In fact, Ulsan National Institute of Science and Technology has studied deep learning-based algorithms to remove electromagnetic interference noise in photoacoustic endoscope image processing and confirmed the possibility of application in the medical field, and the iSIS Institute for Smart and Security Systems at the University of Applied Sciences and Arts Western Switzerland has studied EMI automatic filtering using neural networks and applied this to a smart inductive proximity sensor, successfully reducing noise by 70% with a 2KB memory-level recurrent neural network (RNN).
In addition, the Department of Electrical and Electronic Engineering at the University of Hong Kong conducted and announced research on eliminating EMI in MRI environments with no or incomplete RF shielding through EMI removal using active sensing and deep learning prediction. The Department of Electrical Engineering at Zhejiang University in China also conducted research on modeling and optimization of EMI filters using artificial neural networks.
“Machine learning algorithms are expected to enable improved performance in variable electromagnetic noise environments, with signal analysis and dynamic adjustment of filter parameters,” the Markets and Markets report said. “Furthermore, AI-enhanced diagnostics enable more accurate error detection in EMC filters, contributing to equipment life and stability,” it added.

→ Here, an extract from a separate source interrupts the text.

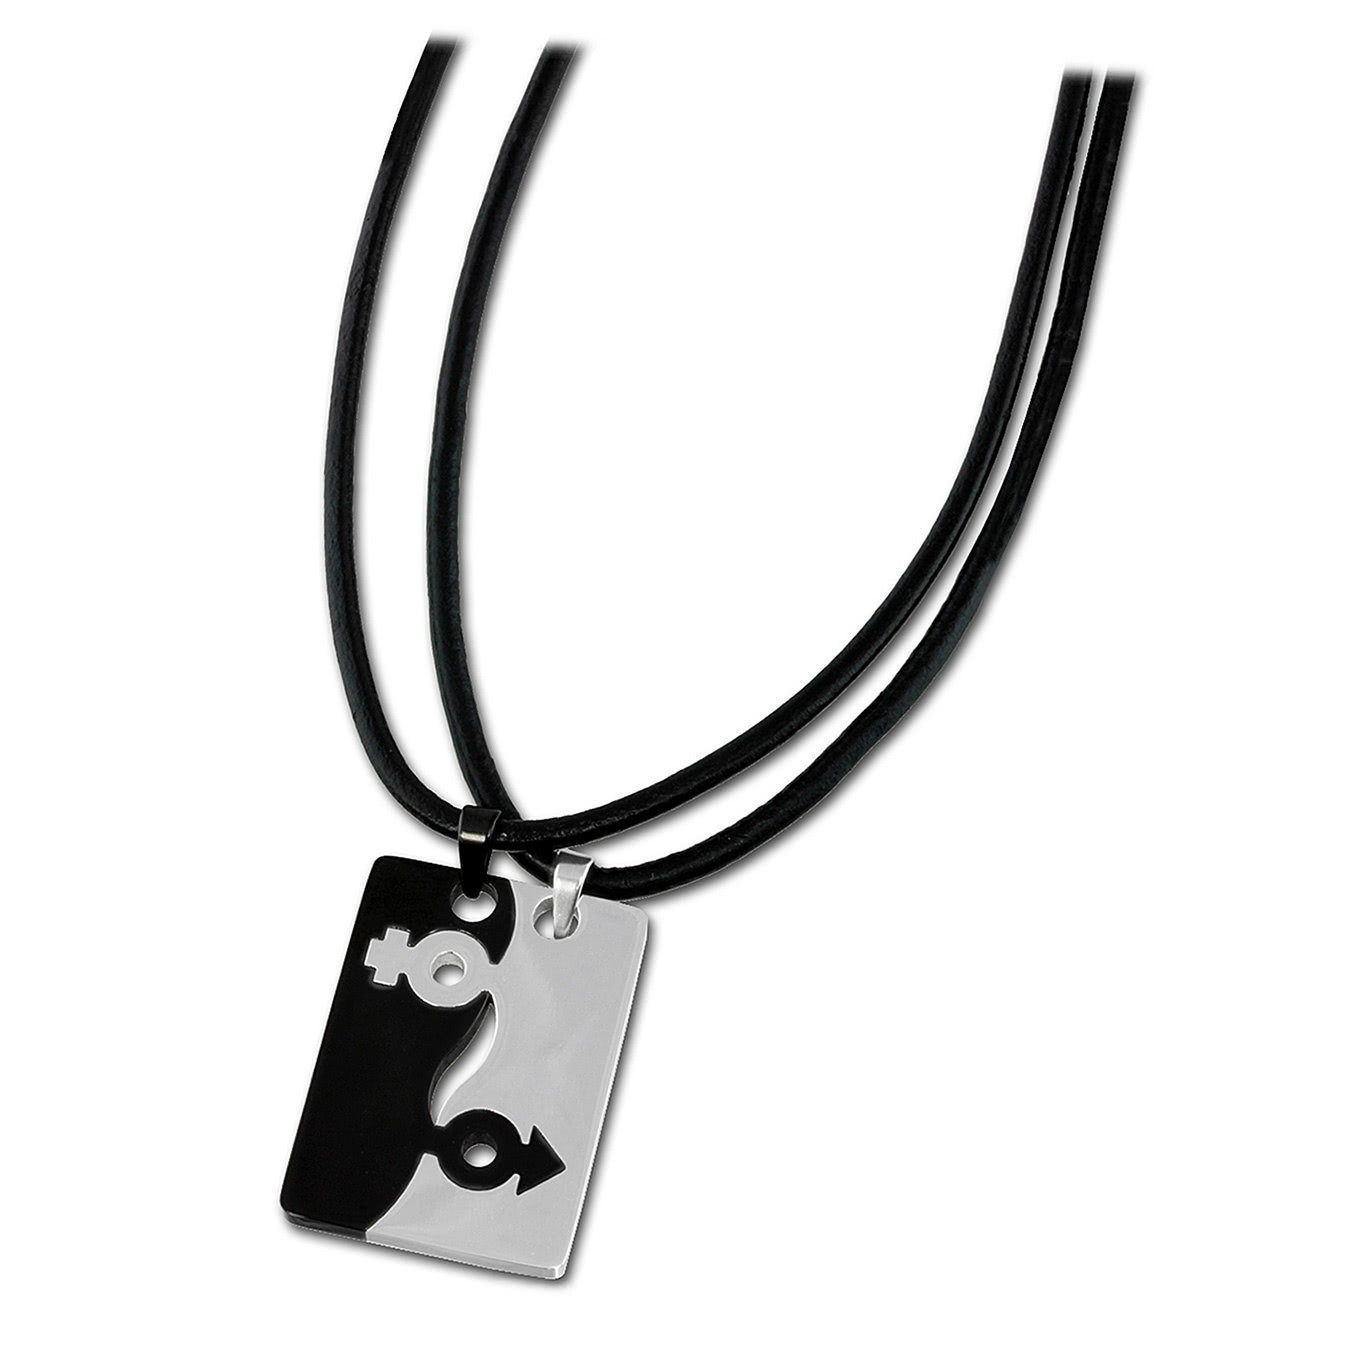 Amello Edelstahlkette Amello Halskette + (Halskette), silber schwarz Damen-Halskette (Stainl glitzer 50cm 5cm ca. Verlängerung, (Sexus) Edelstahl

In a previous EMI/EMC Expert Talk interview, Dr. Lee Jun-sang said, “AI-based simulation tools will be able to agilely ensure EMI/EMC compliance and reliability by monitoring real-time EMI/EMC performance and providing component optimization strategies when components are changed in the BOM.” He added, “AI will streamline the EMI/EMC compliance process, accelerate the design cycle, and drive innovation in the electronics manufacturing industry.”
Following the DeepSearch issue, cheap and efficient reinforcement learning-based AI modeling is rapidly emerging as a new trend, and as AI technology innovation continues to lead the industry and academia, it is anticipated that the future trend will have a ripple effect on the EMI/EMC field.